Чтобы слушать мои рассказы дальше, читатель должен нарисовать себе картину появления в захолустном провинциальном городке, откуда местные мужчины ушли воевать, целой своры только что спущенных с цепи здоровых молодых кобелей, по многу месяцев не видавших женщин…
Нарисовали?.. Теперь слушайте, что там было в натуре.
В шестиместной палате я поселился последним и в ту же ночь обратил внимание: большинство кроватей (не смотря на существовавший в городе комендантский час) всю ночь тщетно дожидалось своих хозяев Лишь к утру мои новые друзья-приятели через форточки и окна пролезали в палаты и, не раздеваясь, проваливались в пьяный беспробудный сон.
Госпиталь набит сестричками-медичками, а городок — их конкурентками — разновозрастными «модяр кишленд» (венгерками), тщетно дожидающимися своих мужей и суженых с далеких фронтов…
Здесь на столе лежат передо мной
Короткие стихи из трех четверостиший.
Они написаны девичею рукой,
И вот что незнакомка пишет:
Чужие жены целовали Вас,
В их брачные постели Вы ложились,
Зато Вы смерть видали сотни раз
И тень ее над Вами вилась.
Вы упивались крепкою махоркой,
Вы задыхалися в дыму, в огне, в пыли,
И соль цвела на Ваших гимнастерках,
Когда у нас акации цвели.
И смерти рядом шли,
Шагали слева, справа,
Ты мне прости, но Вы имели право
На мимолетную солдатскую любовь…
Любовь солдатская, ты очень коротка,
Ты всех любвей ужасней и короче,
Ты слаще меда, тише ветерка,
Темней и глубже августовской ночи…
Пусть жен чужих кровати отскрипят,
И отзвенят шальные поцелуи
Про все забудется и Вам простят,
Когда мы мир и счастье завоюем!
Я совсем не хочу хоть в чем-нибудь опорочить ни медперсонал дома отдыха, ни женщин Бачальмаша.
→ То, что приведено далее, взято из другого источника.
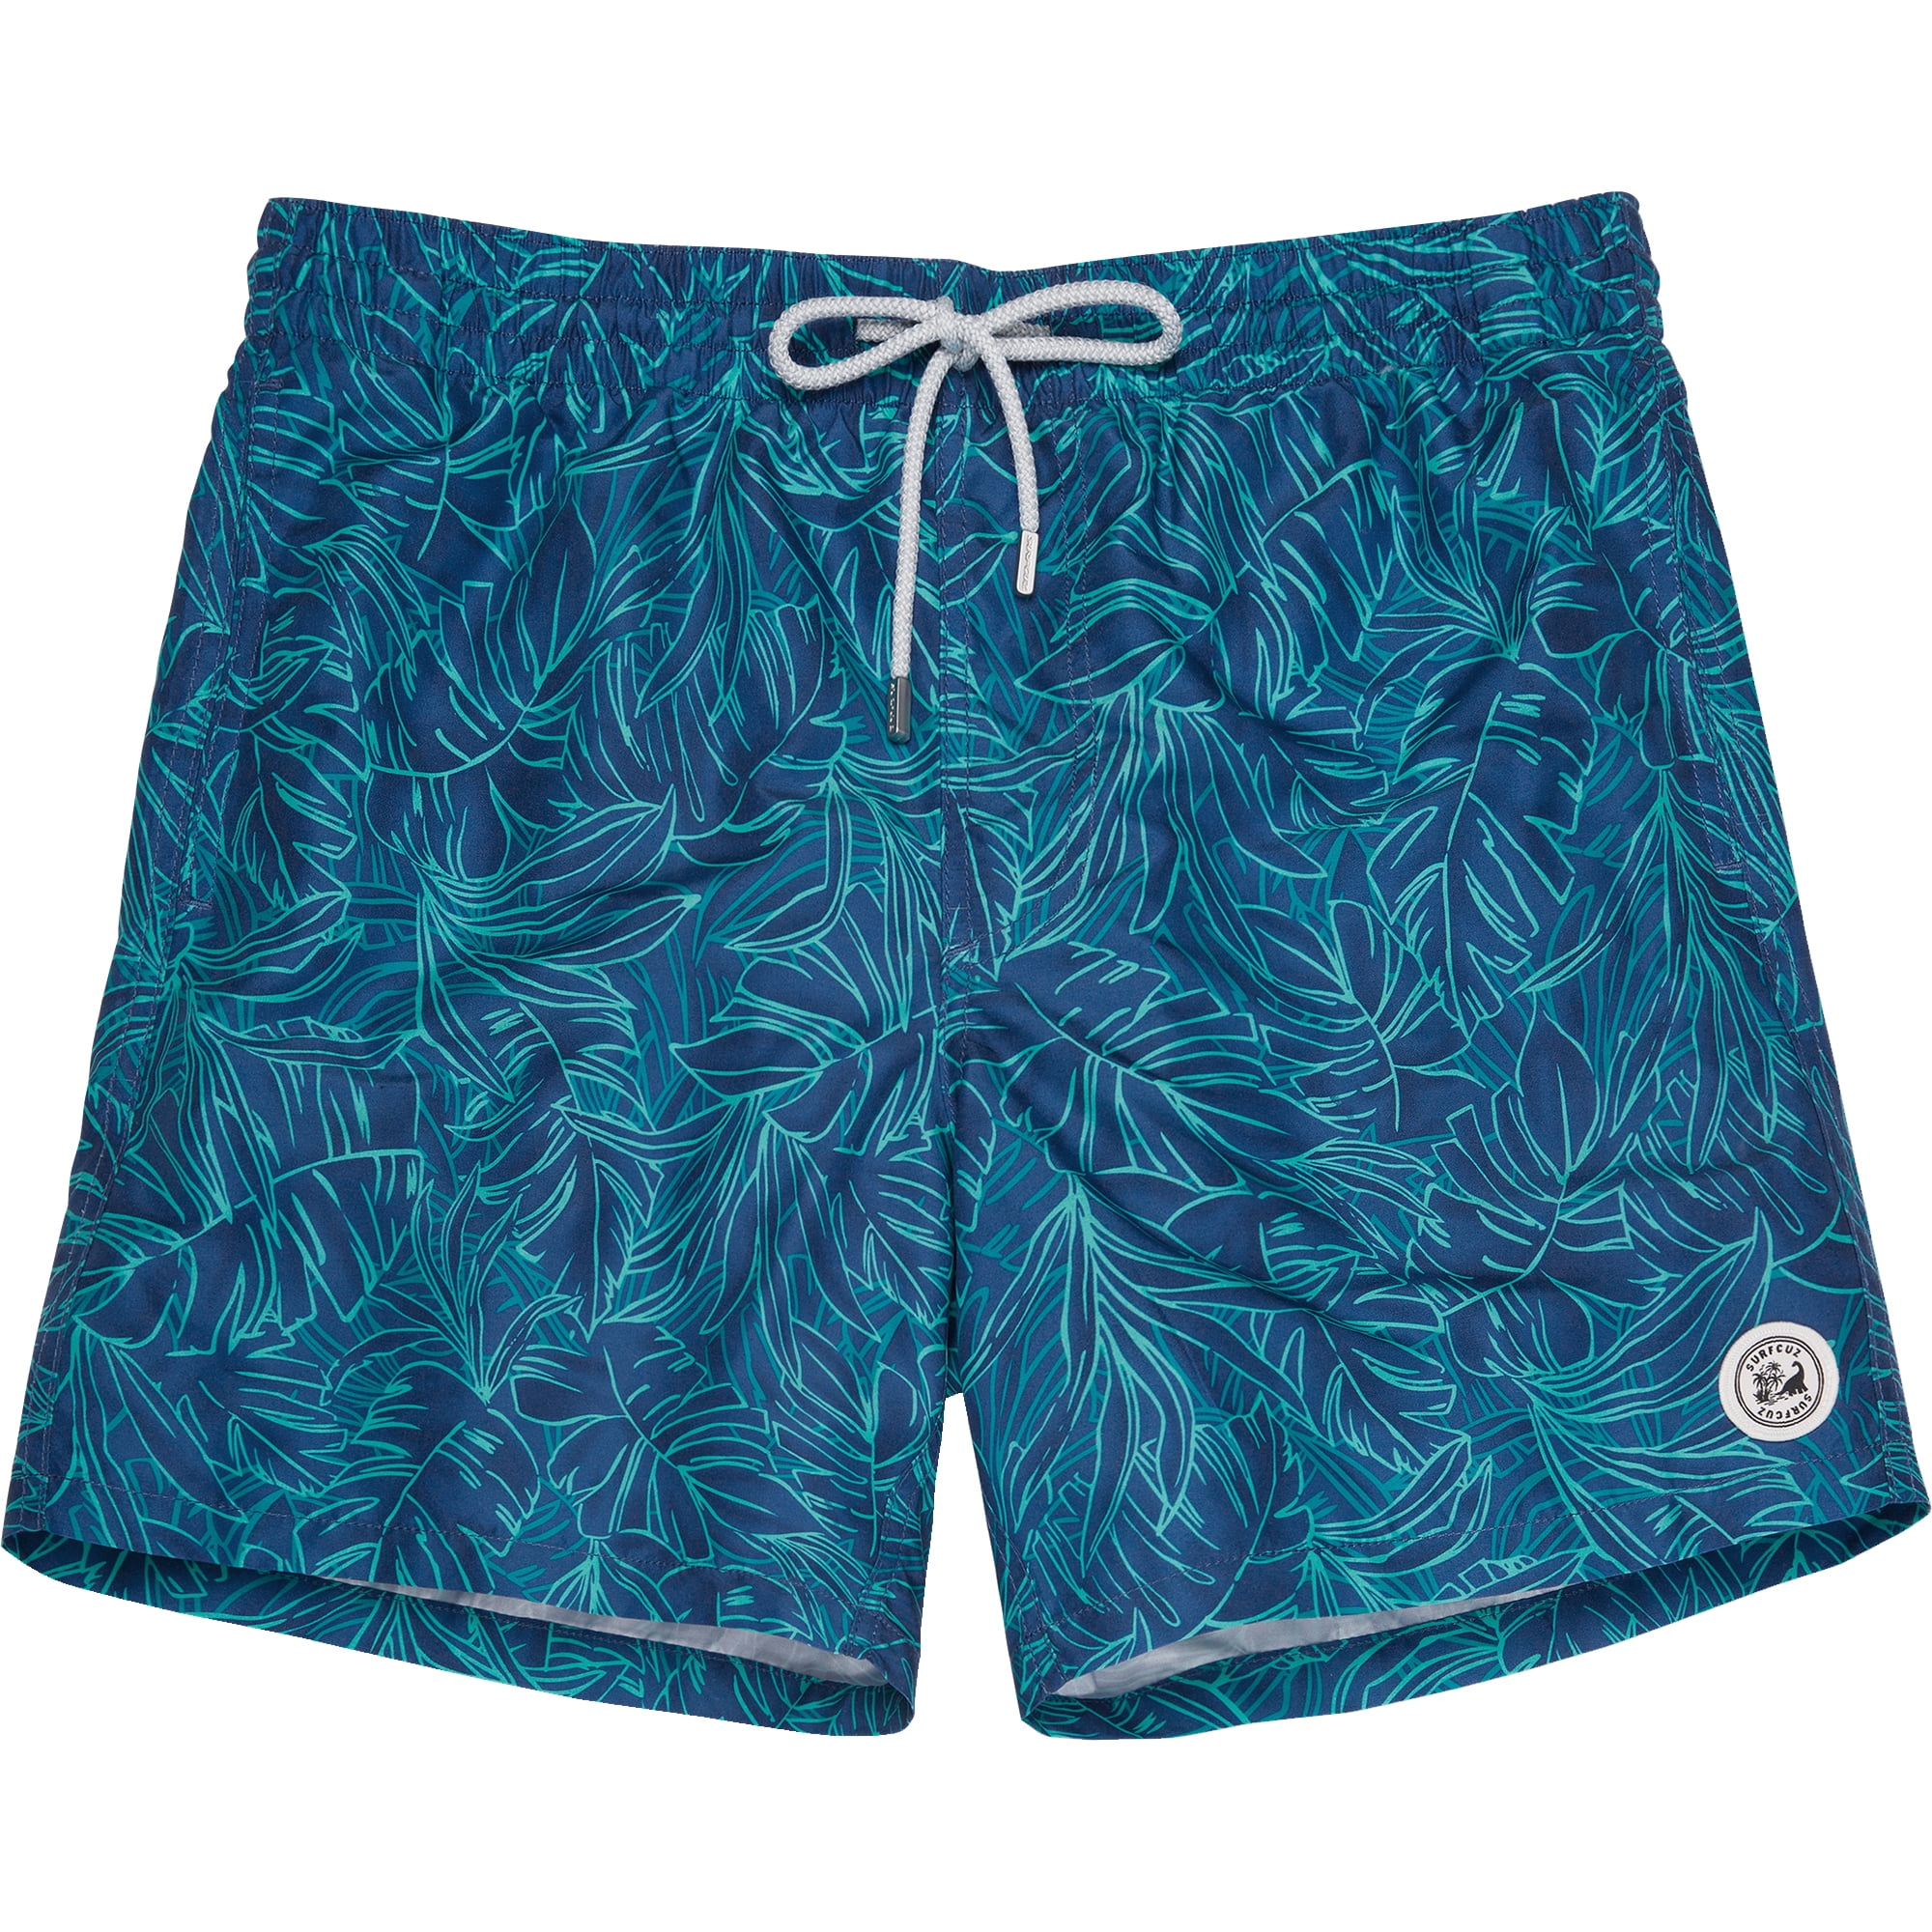 DIOMOR Fashion Hawaiian Camouflage Pattern 5 Inseam Drawstring Shorts for Men Casual Outdoor Beach Swim Trunks Pants 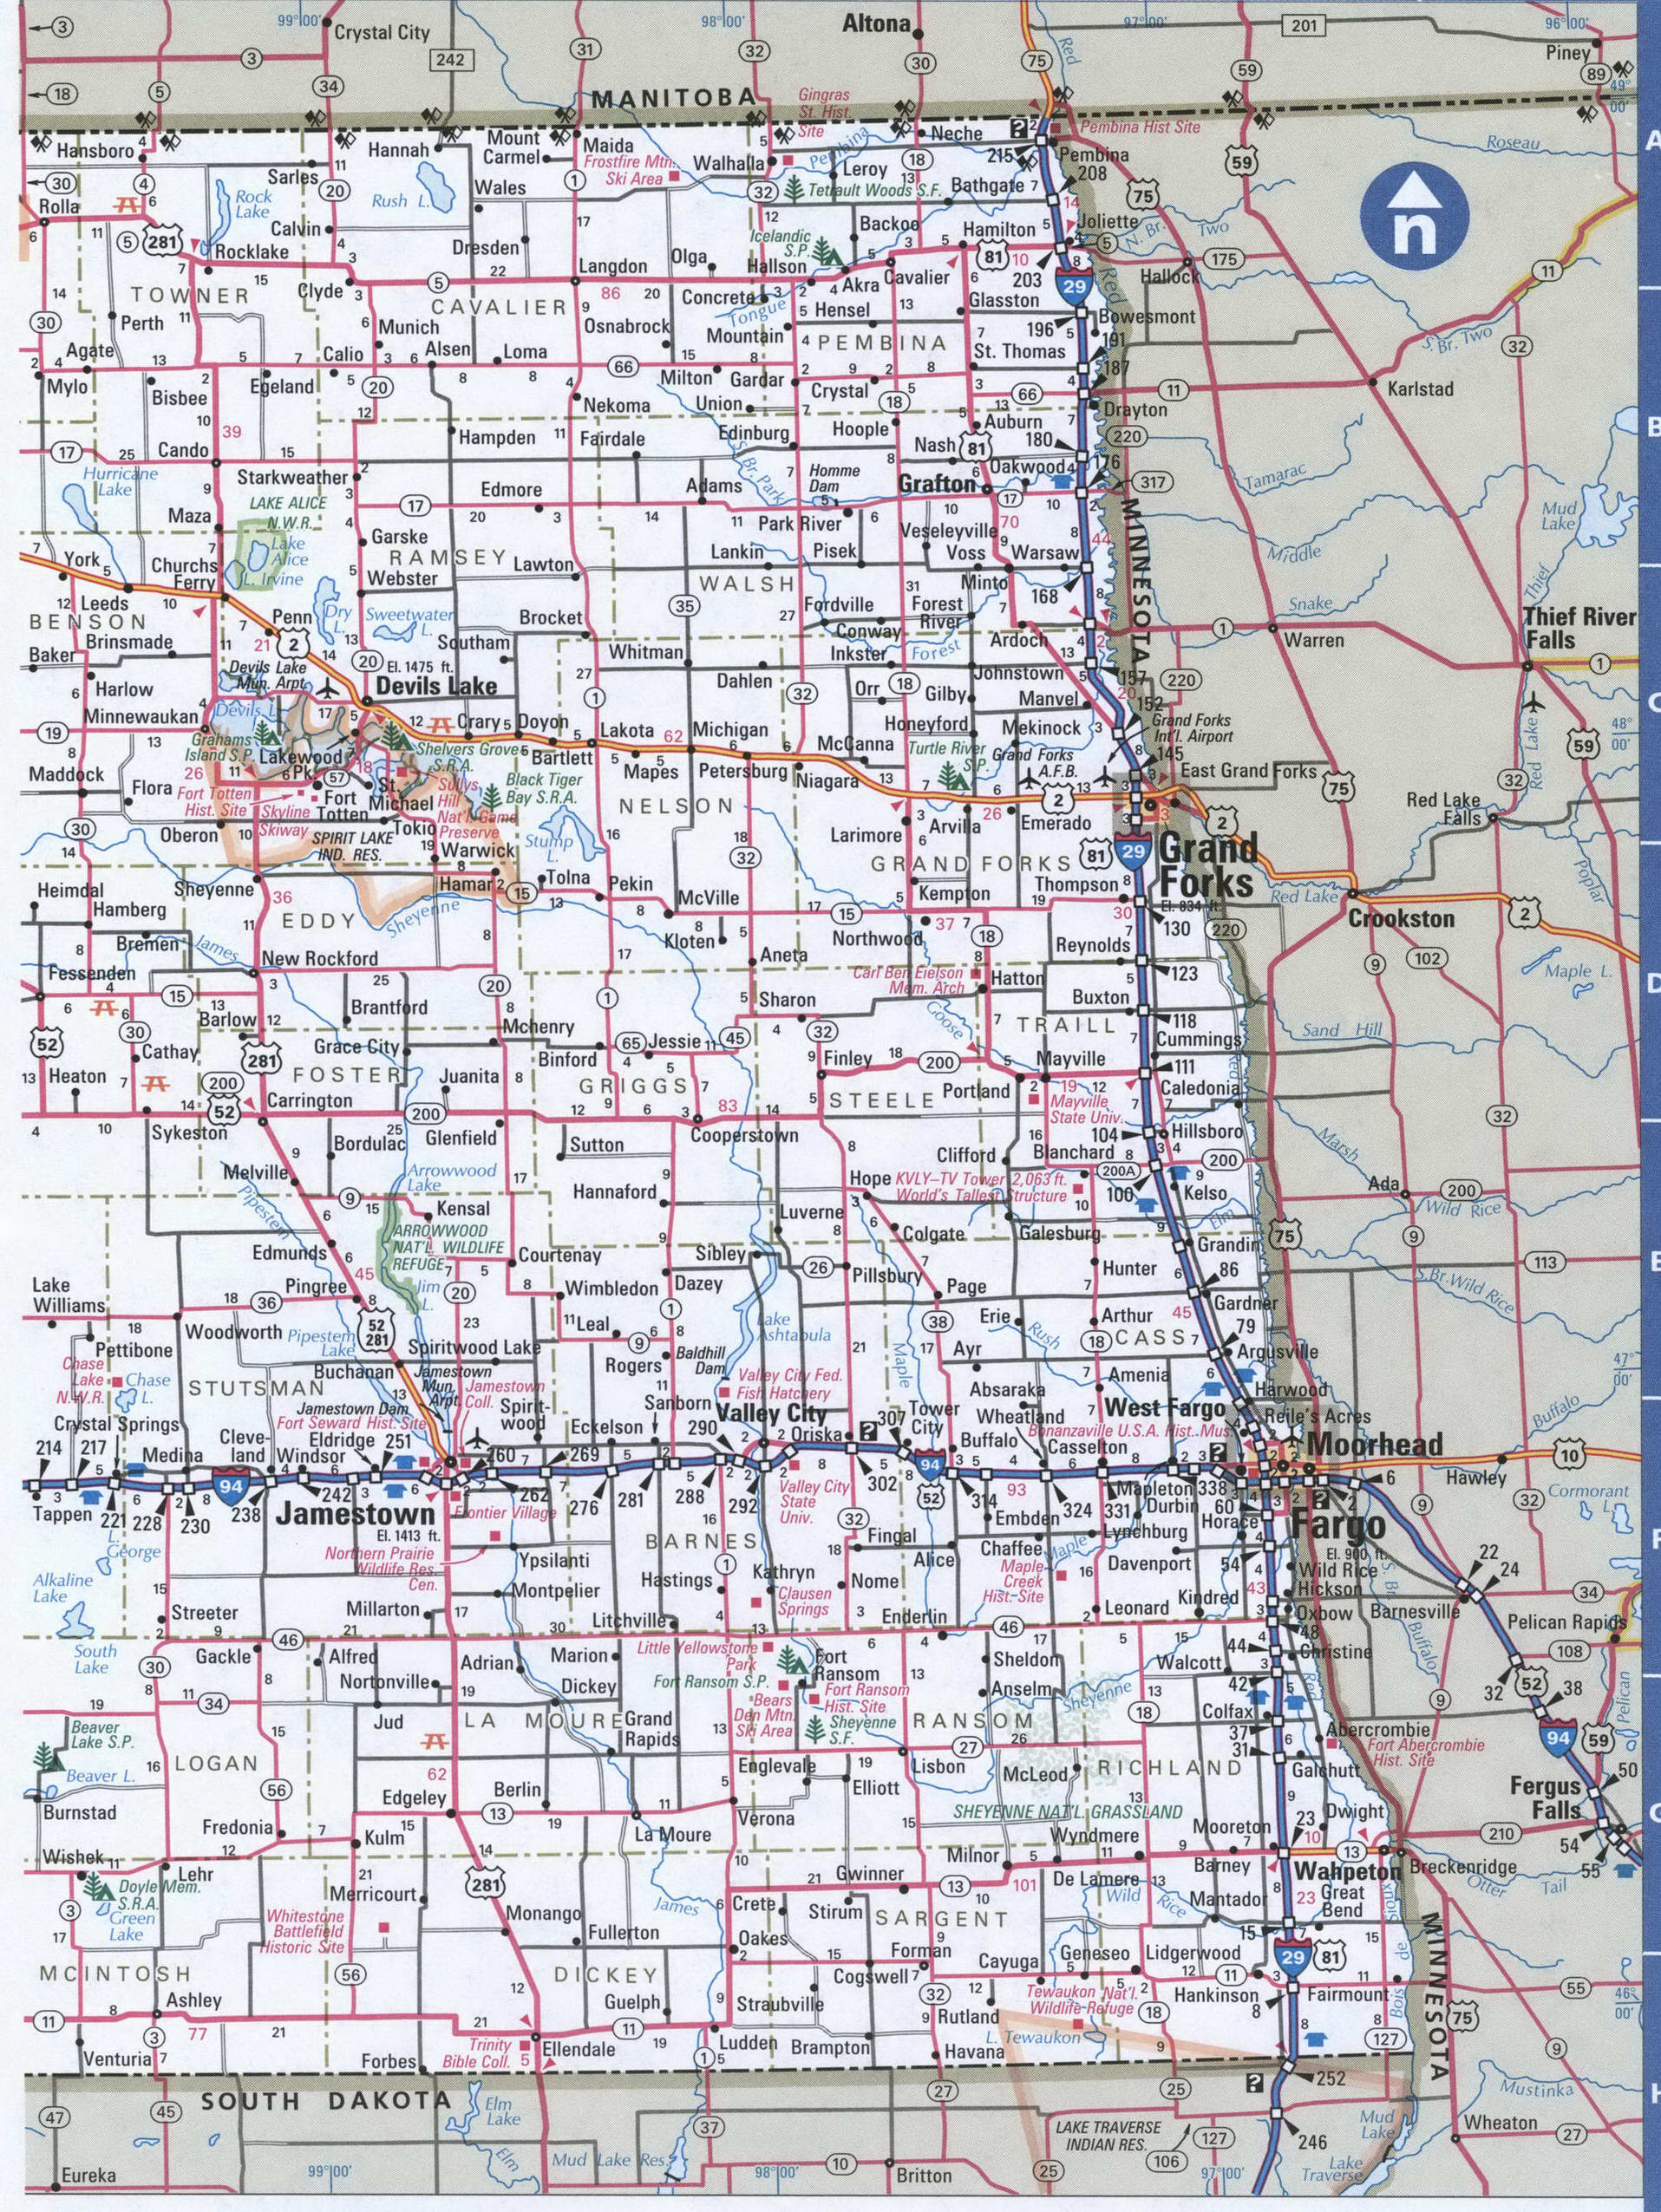 North Dakota roads map

Ни Боже мой! Но,
Что было, то было,
Быльем поросло…
Просто в те дни я вращался в холостом офицерском кругу, внутрь которого добровольно тянулись женщины. Совсем не за деньги, а по зову души и тела. Мы все были молоды, открыты и беззаботно познавали мир.
Женщин было достаточно, а кое для кого даже слишком, ибо вскоре поползли слухи, будто в наше еду подмешивают порошок для снижения излишней потенции. Правда, большинству молодых кобелей все было хоть бы хны.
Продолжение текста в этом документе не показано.